Weird, very weird, but doesn't take much to suck up with a siphon... Anyone ever seen this before?


----------



## deeplove (Dec 27, 2005)

I had that when my MTSs died. Everyone told me it was fungus. I took them out and *poof* it was all gone.


----------



## Curare (Sep 15, 2004)

my rainbows have a new tank mate.










He's barely an inch long!


----------



## Curare (Sep 15, 2004)

Things are definetely looking up.

I think it might be a good call to say that untill a peice of driftwood has been 
"cured" it can cause all manner of problems in your tank,

Like this scumm for example I've never seen anything like it before!










you can clearly see that it's been "producing" the scumm and the flow in the tank is slowly spreading it around.

merky eh!

Anyway, the tank is looking better, and the additon of some red rotala made the colour balance a little more palatable.

Some shots of the tank from last week.




















You'll notice that in every end shot, the rainbows are always out, and hovering around, greedy guts!!!

hehehe

I just love the color of these sunset hygros, and you can see the rotala starting to come up nicely in the background.










stay tuned for more silliness.

We're about to embark on our next tank build log, which will be a 55 gal, but a few extra dollars and a few hours will need to be spent first!


----------



## Curare (Sep 15, 2004)

Over the last month I've let the tank grow out considerably as it was to be starter plants for my 50 gal, but recently I've cut it all back and there's a decent amount of biomass gone into the larger tank, I suprised me the amount of plantlife that came out of the tank,

Anyway, here's how it looks at the moment, Much better now that most of the watersprite is gone, man I can't stand that stuff, but it does serve a purpose!


----------



## Curare (Sep 15, 2004)

This may well be the last time you'll see this tank.
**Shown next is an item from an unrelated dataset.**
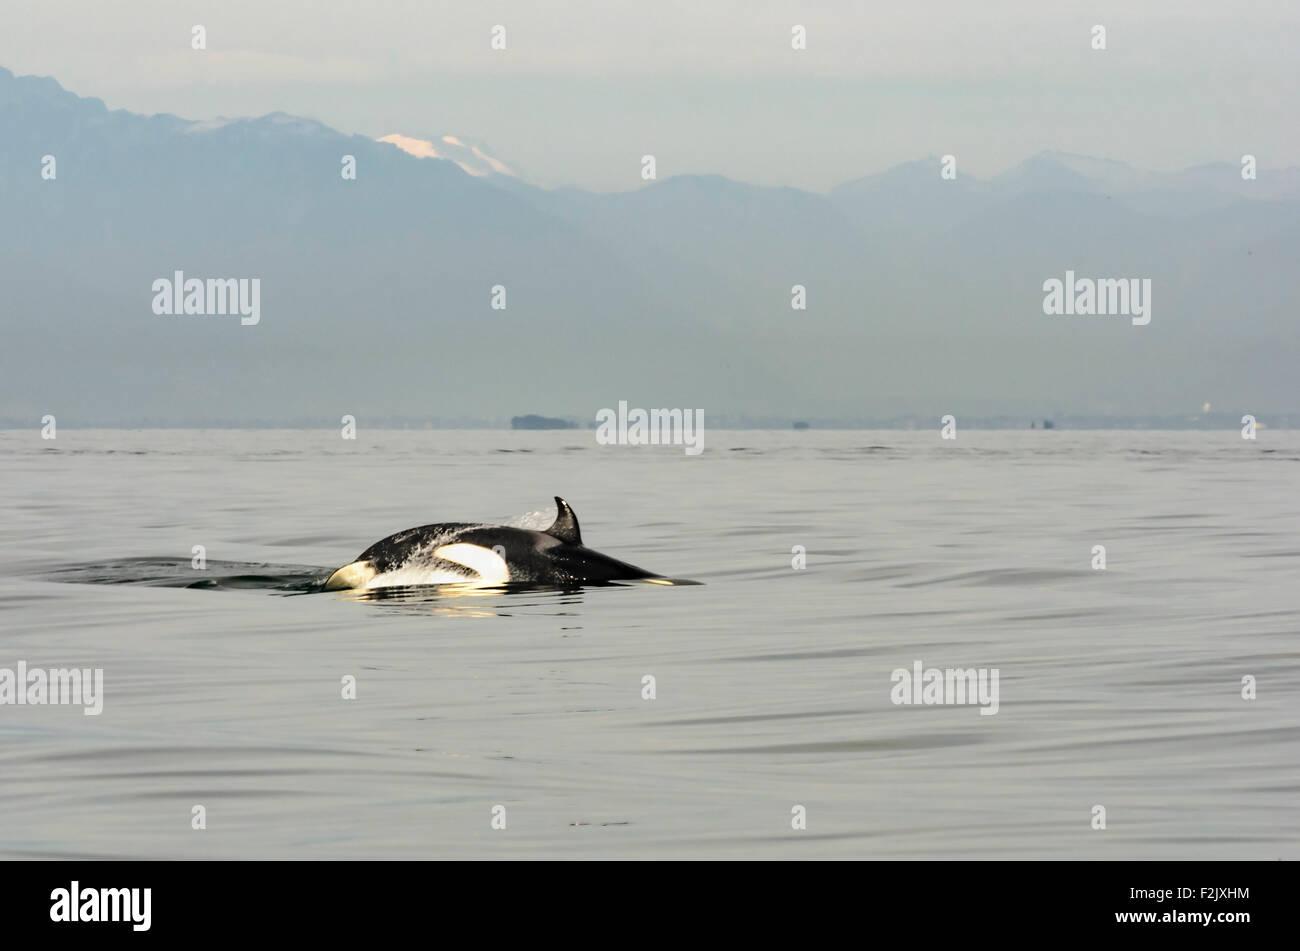 Transient or Bigg's killer whale, Orcinus orca, British Columbia, Canada, Pacific - Stock Image
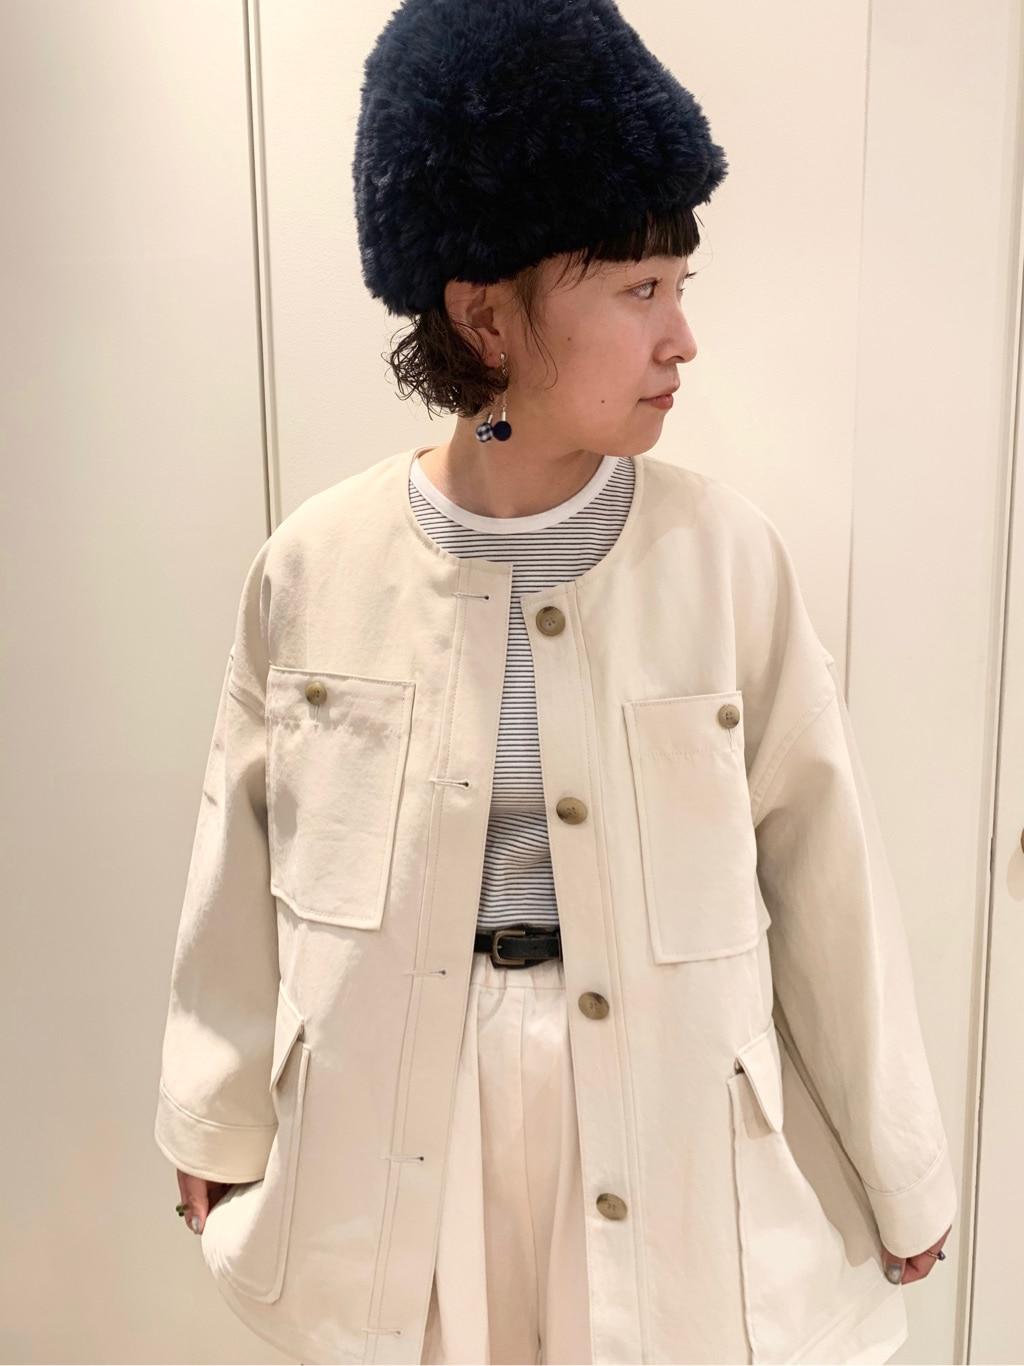 bulle de savon 新宿ミロード 身長:159cm 2020.09.11

I'm thinking about tearing it down.

Once the Rainbows go into the billabong, the GF and i have decided to start on a peculiar project, and we're thinking of taking most of the running gear for this tank to do it.

It's amazing to think that this tank has supplied enough biomass to get the 50 gal looking good, and it's only teeny tiny.

and this one has really come along in leaps and bounds.

My friend still comes over and looks glumly at the tanks.

Poor lad


----------



## fresh_lynny (Mar 9, 2006)

WELL.......what is the project???


----------



## Curare (Sep 15, 2004)

Hahaha!

It's over here!

http://www.plantedtank.net/forums/equipment/31059-have-i-totally-lost-time.html#post266016


----------



## Curare (Sep 15, 2004)

oops, double post.


----------



## Curare (Sep 15, 2004)

WELL!

Just as I was getting ready to start to take the plants out of the tank (the fish are now in the billabong with their kin) I take a closer look at the tank and what do I see?

fry.



again.



why is it whenever I'm ready to strip a tank, someone comes along and BREEDS IN IT!


DAMN YOU FISH!


----------



## sandiegoryu (Feb 15, 2006)

Lol. I love your tank. I still can't seem to get my 10 gallon tank to look so damn cool like everyones. It looks so tiny when I look into mine. And I also wish that I would someday be good at making planted tanks that I can actually learn to tear down VERY NICE looking tanks. I would never do that right now if I had a tank like yours! Also another question. How much lighting do you have or had on it?


----------



## Curare (Sep 15, 2004)

Mine is a simple "pet store special" 24 x 10 x 12" tank that I've had for as long as I can remember.

The lighting is simply a twin batten 24" shop light gibing me roughly 36w of light. All of this (yes the ENTIRE shoplight) is hidden in a rather crusty old hood. But hey, the proof is in the pudding.


----------